Lucy Brown identified two phases in the relationship between Chartism and the League. Between 1840 and 1842 there were attempts, locally and nationally, to find common ground between the two organisations. Though the League had some success, especially in Wolverhampton and Sheffield, it was very limited. The events of 1842 – the failure of the Complete Suffrage movement and the strikes – destroyed any hope of class reconciliation and resulting in growing antagonism between O’Connor and the League. Growing economic prosperity between 1843 and 1845, however, helped to soothe fears of repeal and led to a gradual softening of Chartist attitudes. O’Connor continued to attack the ‘mountebank cosmopolities’ who saw free trade as the solution to all society’s ills but his growing interest in agricultural matters saw a change in his attitude to both Cobden and Peel in 1844-5. O’Connor appears to have been mesmerised by Cobden and especially Peel and came increasingly to support the case for repeal.
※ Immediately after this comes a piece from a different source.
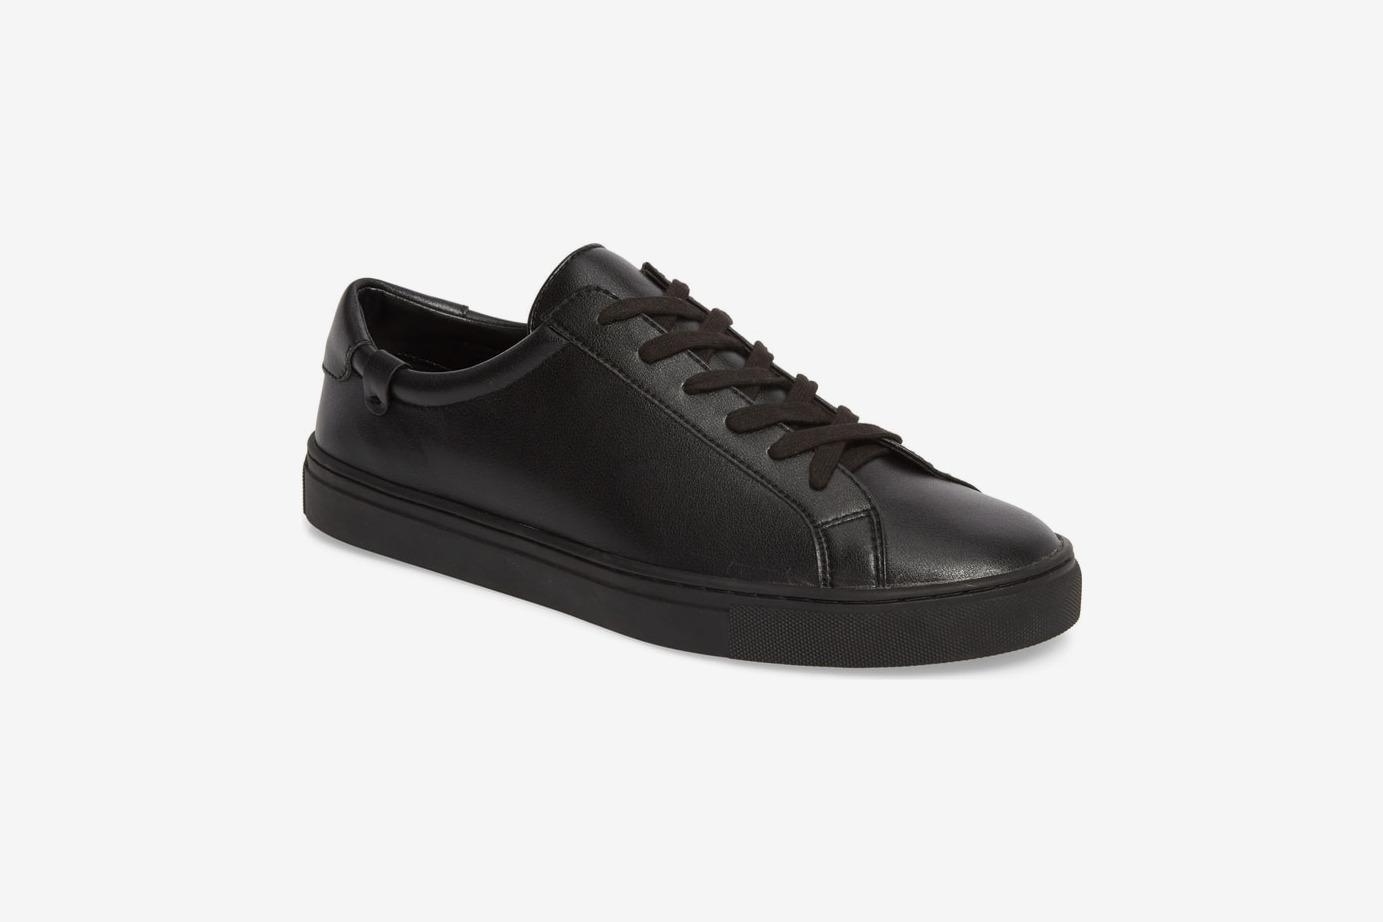 2dbd7a5c0b House of Future Original Low Top Sneaker

Gammage was highly critical of this change in policy[4]

“When the League was in bad odour, nothing but ruin was predicted by O’Connor in the case of its success. Now it would make the Land Plan Triumphant, by bringing down the price of land, and thus enable the people more freely to purchase. In short, his laudation of Peel’s measure was the very antithesis of the amendment, which he proposed at the Northampton meeting. We ask, was not his whole opposition to the League a mere sham? And was there not a good understanding between himself and that body… A portion of the parties protested against the shifting policy of O’Connor: others were dissatisfied, and thought his conduct strange; but he so moulded the majority to his will that they yielded to him in blind obedience and charged the men who remained consistent with being in the pay of the Protectionists…O’Connor had an intense love of popularity, which often overcame any sense of duty. To have supported the League when it was unpopular, would have lost him that popularity which he enjoyed, he therefore opposed them; but he cared little for the question at issue…When the League became so popular as to force their measures upon the Government, the Minister who proposed those measures became more popular still. To oppose any longer, would lose him a portion of his popularity; he turned round therefore without any regard to principle or consistency. O’Connor was not a man without foresight….”

This judgement is harsh[5]. The years between 1845 and 1851 saw a ‘mid-century crisis’[6]. O’Connor was not unique in recognising the ‘spirit of the age’ in late 1845 and early 1846. He saw where events were going and changed tack. It paid off. In July 1846, he was elected MP for Nottingham at a by-election[7].


[1] Lucy Brown ‘The Chartists and the Anti-Corn Law League’, in Asa Briggs (ed.) Chartist Studies, London, 1959, pages 342-371 remains the major study of this issue.

[2] The relationship between the Chartists and the Anti-Corn Law League is also explored in volume 2: chapter 5.

[3] Lucy Brown ‘The Chartists and the Anti-Corn Law League’, in Briggs (ed.) Chartist Studies, page 351.

[4] Gammage History of the Chartist Movement, pages 270-272.

[5] While Gammage’s view of O’Connor’s pragmatism may be valid, his analysis of the reasons for the success of the League is not. Peel’s decision to repeal the Corn Laws was motivated less by pressure from the League than by the need to find a solution to the problems of famine in Ireland. In his resignation speech, he went out of his way to acknowledge his debt to Cobden. This has tended to muddy the historical waters.

[6] Richard Brown Church and State in Modern Britain 1700-1850, London, 1991, pages 530-543 deals with the ‘mid-century crisis’.

[7] Stephen Roberts ‘Feargus O’Connor in the House of Commons, 1847-1852’, in Owen Ashton, Robert Tyson and Stephen Roberts (eds.) The Chartist Legacy, Merlin, 1999, pages 102-118 is a useful study of a neglected subject.